How to Reduce the Number of Segmentation Variables
A practical challenge when working out how to segment is that there are usually lots of possible variables, and you need to reduce that number. For example, if you use all the techniques in How to identify Relevant Variables for Market Segmentation, you will often end up with a very long list of segmentation variables. The list will probably be too long for you to measure them all, so the next decision is how to reduce the list in size.
Only use theoretically sensible variables
A useful segmentation variable should either:
- Explain a difference in how or why people buy
- Explain a difference in terms of how attractive customers are to a firm
If your variables do not relate to the benefits that people seek, how they intact, what prevents them from buying, purchase power, or customer value/profitability, they are unlikely to be useful. See Which Segmentation Variables Should You Use and Why?.
Use variables that are known to describe differences between people
Only include variables where there is a good reason to believe people differ. Virtually everybody considers taste important when buying food, so there is little point in measuring the importance of taste in any market, since measured differences will likely just reflect measurement error. Similarly, everybody wants “good value”, so if you ask that question you will be measuring differences in how people like to tick boxes in a questionnaire, not real differences that you can use to build a segmentation strategy.
Relate to marketing activities
Good variables often relate to the type of marketing activities that will need to be employed and the degree of marketing effort required. If a variable is measuring a difference between consumers that is not obvious in its marketing implications, serious thought should be given to excluding the variable.
Good variables are ones that are easy to measure
If it is hard to measure, this means that the resulting data is noisy, which makes it poor for segmentation. Most psychological variables fall into this category, which is why while people often describe consumers in terms of personality, few segmentations end up being successfully created around personality.

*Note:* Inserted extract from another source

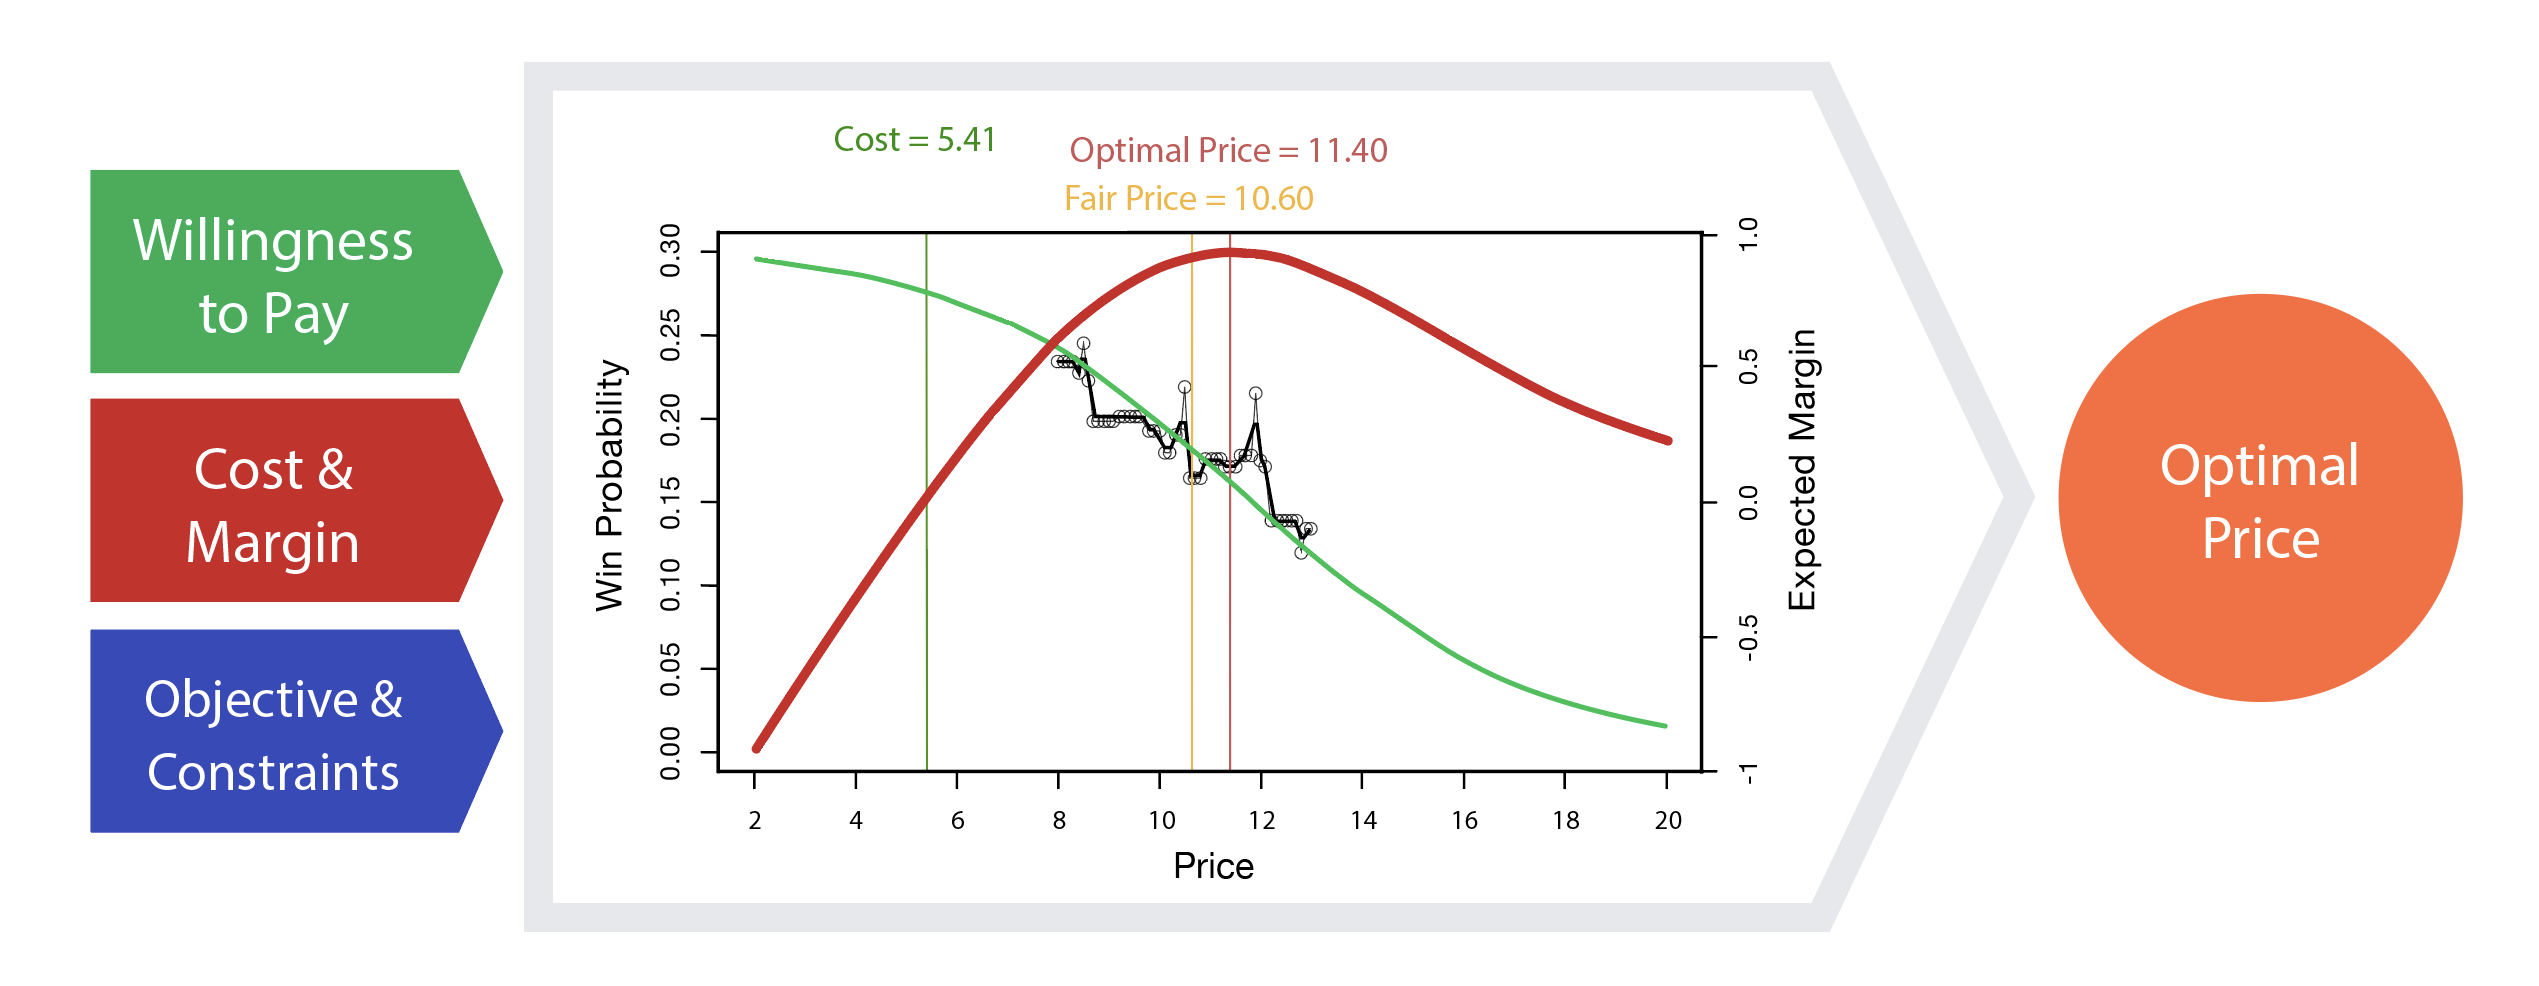 price-optimization-factors

Align variables with strategic plans
Include variables that explicitly relate to the strategic planning of the company. For example, if key marketing issues relate to advertising, then awareness, knowledge and product experience are useful for identifying target consumers, while psychographics and lifestyle are useful in tailoring the message. If the priority of the firm is new product development, then the focus should be on demand-creating conditions (e.g., jobs-to-be-done) and preferences for different products.